On Tue, Jan 15, 2019 at 4:23 AM Loic PALLARDY <loic.pallardy@st.com> wrote:
>

> Hi Xiang,

>

> > -----Original Message-----

> > From: xiang xiao <xiaoxiang781216@gmail.com>

> > Sent: samedi 12 janvier 2019 19:29

> > To: Loic PALLARDY <loic.pallardy@st.com>

> > Cc: bjorn.andersson@linaro.org; ohad@wizery.com; linux-

> > remoteproc@vger.kernel.org; linux-kernel@vger.kernel.org; Arnaud

> > POULIQUEN <arnaud.pouliquen@st.com>; benjamin.gaignard@linaro.org; s-

> > anna@ti.com

> > Subject: Re: [PATCH 1/1] remoteproc: fix recovery procedure

> >

> > Hi Loic,

> > The change just hide the problem, I think. The big issue is:

> > 1.virtio devices aren't destroyed by rpproc_stop

> Virtio devices are destroyed by rproc_stop() as vdev is registered as rproc sub device.

> rproc_stop() is calling rproc_stop_subdevices() which is in charge of removing virtio device and associated children.

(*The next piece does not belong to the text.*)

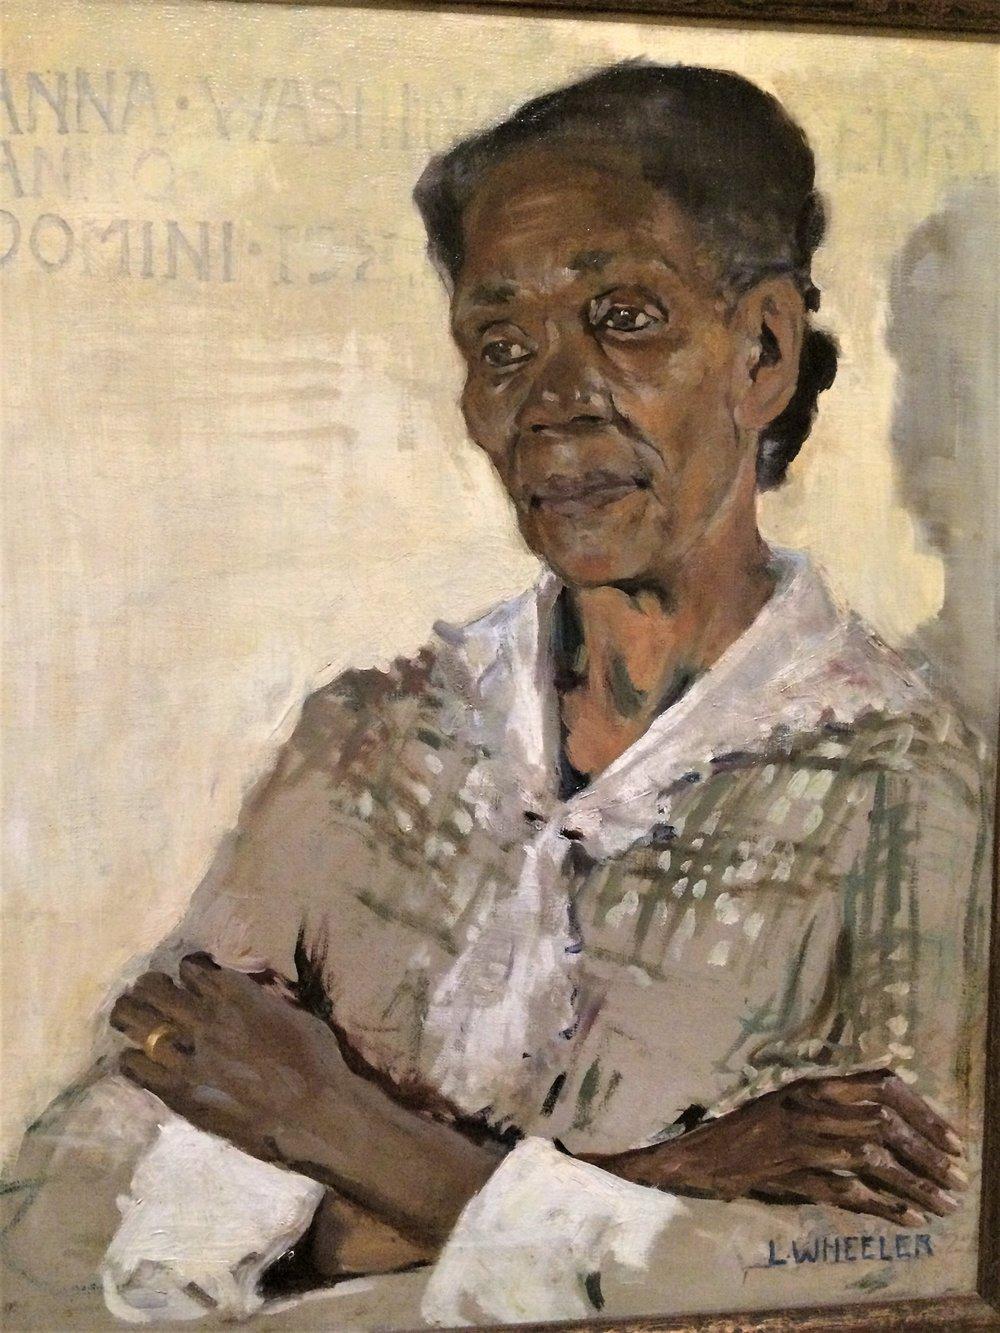 Waring: Anna Washington Derry 1927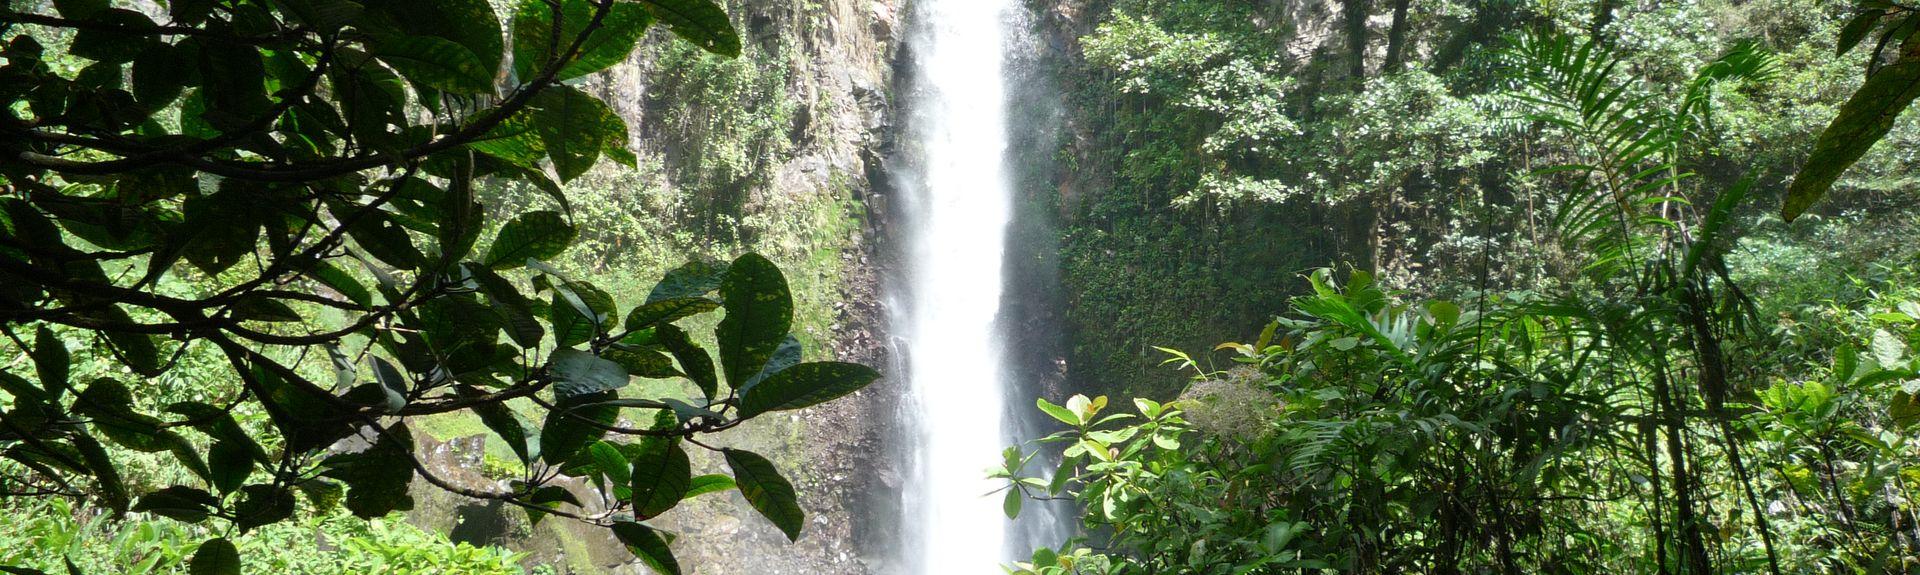 Boquete, Chiriquí Province, Panama

> rproc_vdev_do_stop() --> rproc_remove_virtio_dev() --> unregister_virtio_device()

>

> Please find below trace of a recovery on my ST SOC. My 2 rpmsg tty are removed and re-inserted correctly

> root@stm32mp1:~# ls /dev/ttyRPMSG*

> /dev/ttyRPMSG0  /dev/ttyRPMSG1

> root@stm32mp1:~# [  154.832523] remoteproc remoteproc0: crash detected in m4: type watchdog

> [  154.837725] remoteproc remoteproc0: handling crash #2 in m4

> [  154.843319] remoteproc remoteproc0: recovering m4

> [  154.849185] rpmsg_tty virtio0.rpmsg-tty-channel.-1.0: rpmsg tty device 0 is removed

> [  154.857572] rpmsg_tty virtio0.rpmsg-tty-channel.-1.1: rpmsg tty device 1 is removed

> [  155.382327] remoteproc remoteproc0: warning: remote FW shutdown without ack

> [  155.387857] remoteproc remoteproc0: stopped remote processor m4

> [  155.398988]  m4@0#vdev0buffer: assigned reserved memory node vdev0buffer@10044000

> [  155.405910] virtio_rpmsg_bus virtio0: creating channel rpmsg-tty-channel addr 0x0

> [  155.413422] rpmsg_tty virtio0.rpmsg-tty-channel.-1.0: new channel: 0x400 -> 0x0 : ttyRPMSG0

> [  155.421038] virtio_rpmsg_bus virtio0: creating channel rpmsg-tty-channel addr 0x1

> [  155.429088] rpmsg_tty virtio0.rpmsg-tty-channel.-1.1: new channel: 0x401 -> 0x1 : ttyRPMSG1

> [  155.437338] virtio_rpmsg_bus virtio0: rpmsg host is online

> [  155.442401]  m4@0#vdev0buffer: registered virtio0 (type 7)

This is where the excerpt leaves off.